Beauvoir sees increase in visitors amid flag controversy - WLOX.com - The News for South Mississippi

Beauvoir sees increase in visitors amid flag controversy

Patti and Allen Ivy visited the Beauvoir Confederate Veteran's Cemetery to pay respects to his great-grandfather. (Photo source: WLOX) Patti and Allen Ivy visited the Beauvoir Confederate Veteran's Cemetery to pay respects to his great-grandfather. (Photo source: WLOX)
Business at Beauvoir has spiked in the past three weeks since the Confederate flag controversy began. (Photo source: WLOX) Business at Beauvoir has spiked in the past three weeks since the Confederate flag controversy began. (Photo source: WLOX)
BILOXI, MS (WLOX) -

Business at Beauvoir has spiked in the past three weeks since the Confederate flag controversy began. Friday, a steady flow of visitors stopped by the museum throughout the day.

Patti and Allen Ivy visited the Beauvoir Confederate Veteran's Cemetery to pay respects to his great-grandfather.

"I think it's a very important part of our history and our heritage, and I think to show disrespect for the flag shows disrespect for the ancestors that fought and worked and died for the flag," Patti said.

While visiting, the Ivys also bought a Confederate flag.

"We heard that a lot of manufacturers weren't going to make them anymore, and we figured we would get one while they are in stock," Patti said.

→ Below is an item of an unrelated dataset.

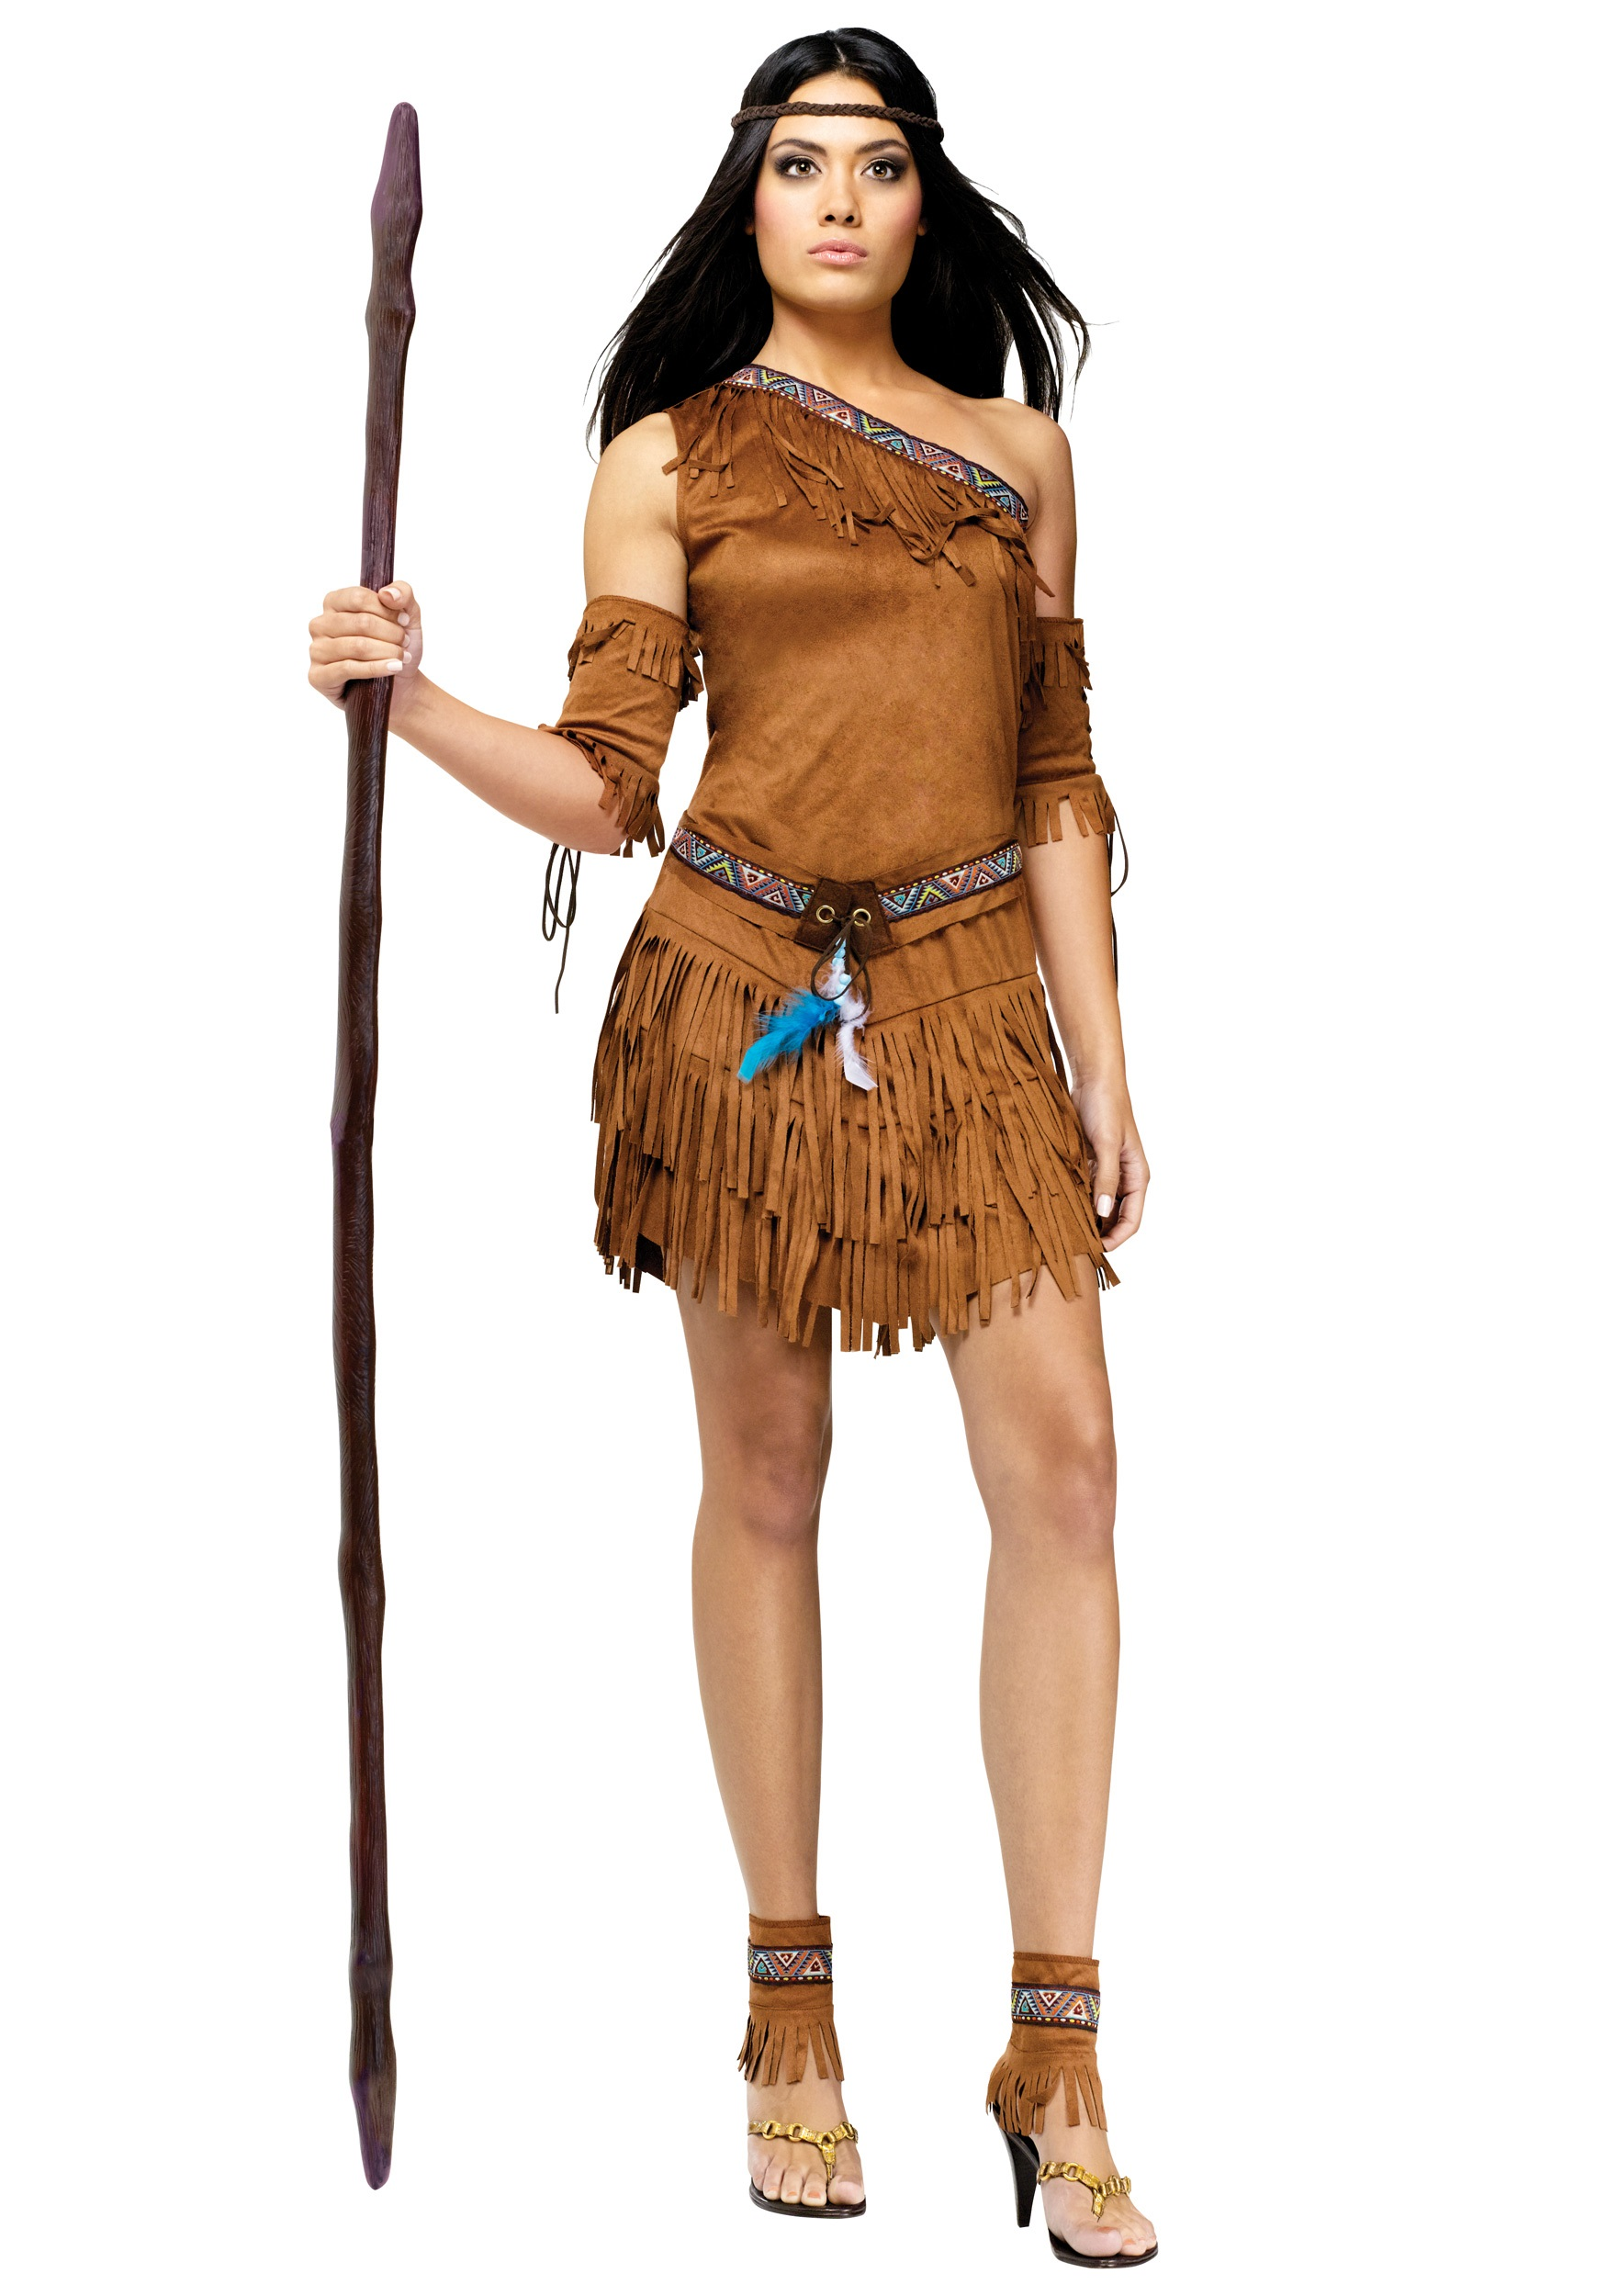 Sexy Native American Costume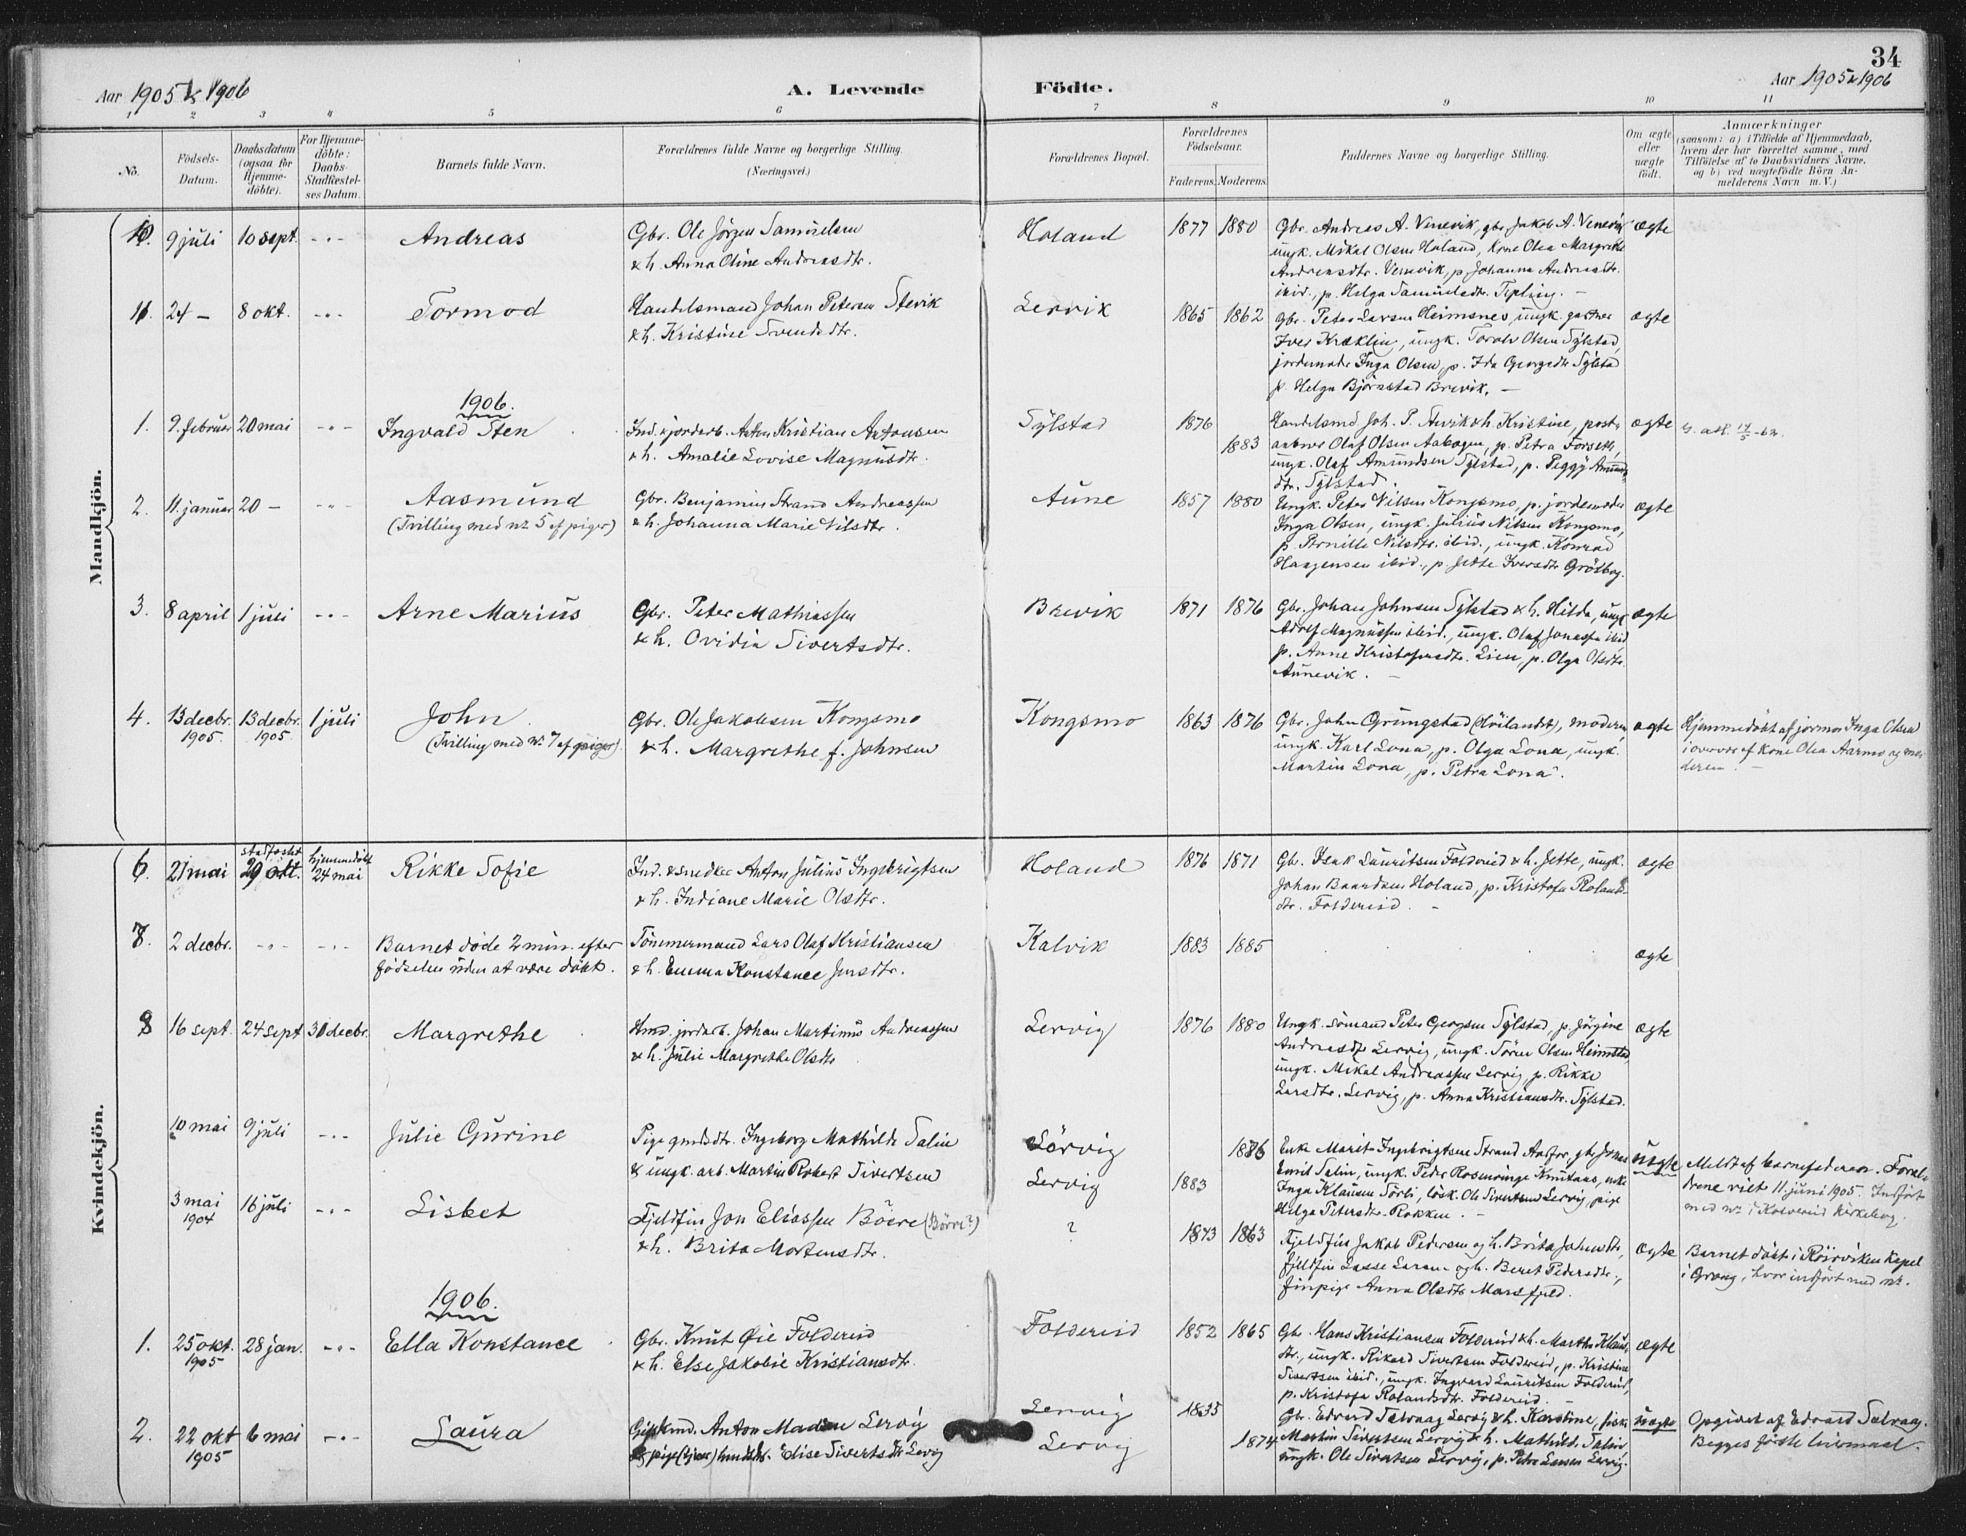 SAT, Ministerialprotokoller, klokkerbøker og fødselsregistre - Nord-Trøndelag, 783/L0660: Ministerialbok nr. 783A02, 1886-1918, s. 34

Beauvoir Executive Director Greg Stewart said gift shop sales have been tremendous lately.

"We sold out like everyone else did right away, but because of our relationship with flag manufacturers, we were able to get them back in," Stewart said. "We are having a banner month, so it is good for business and we are seeing a lot of interest. We are glad to be here for them."

Stewart said the increase in visitors should tell state political leaders how residents feel about preserving history.

"It's an indication that some of our political leaders are out of touch," Stewart said. "I would ask them to break away from the luncheons and their own little bubbles and go out there and ask. I think right before the primaries they are getting an earful, and I'm confident now the legislature isn't going to do anything, and the speaker, he is regretful for his comments because it has brought the Mississippi that we didn't need to be in back. I'm expecting any day retract it, and Mississippi will go back to doing what it's been doing our whole lives."

A history professor from Ohio spent his day Friday volunteering at Beauvoir. He said he is saddened to see America feuding over the Confederate symbol.

"Are we going to totally wipe out our nation’s history from 1861 to 1865? The Civil War? That flag was a sign of the Confederate Army," Dwayne Beggs said. "That's what it was when it originated, but now we have got controversy because it was used or perceived to be used as a piece of hate. Where does it stop?"

Beggs believes if future generations are not taught about the Civil War, mistakes could be repeated.

"How's it going to help us learn what happened to slaves, to black people, to the marginalized people, whatever the case," Beggs asked. "How are we going to know what has happened and make sure that doesn't ever happen again? As Shelby Foote said, people always thought of it as the United States is different states. Then, after the Civil War, it became the United States are we were kind of a collaboration, a group of states. It kind of unified us even though we had our sectional differences. We didn't always get along. We didn't always agree with everything. It still defined us as a group of people."

As more and more state and local leaders call for Civil War monuments, flags and other items to be taken down, Stewart said he will make room for them at Beauvoir.

"Hopefully the frenzy is over, but if they get to the place where they are digging up bodies in Memphis and taking down monuments in New Orleans, well, they are welcome here. The nice people of New Orleans can come visit them here, and it would be another draw for this place," Stewart said. "We will be doing what we are supposed to be doing, which is to be a shrine to the Confederate soldiers and Jefferson Davis. We are glad to be still standing."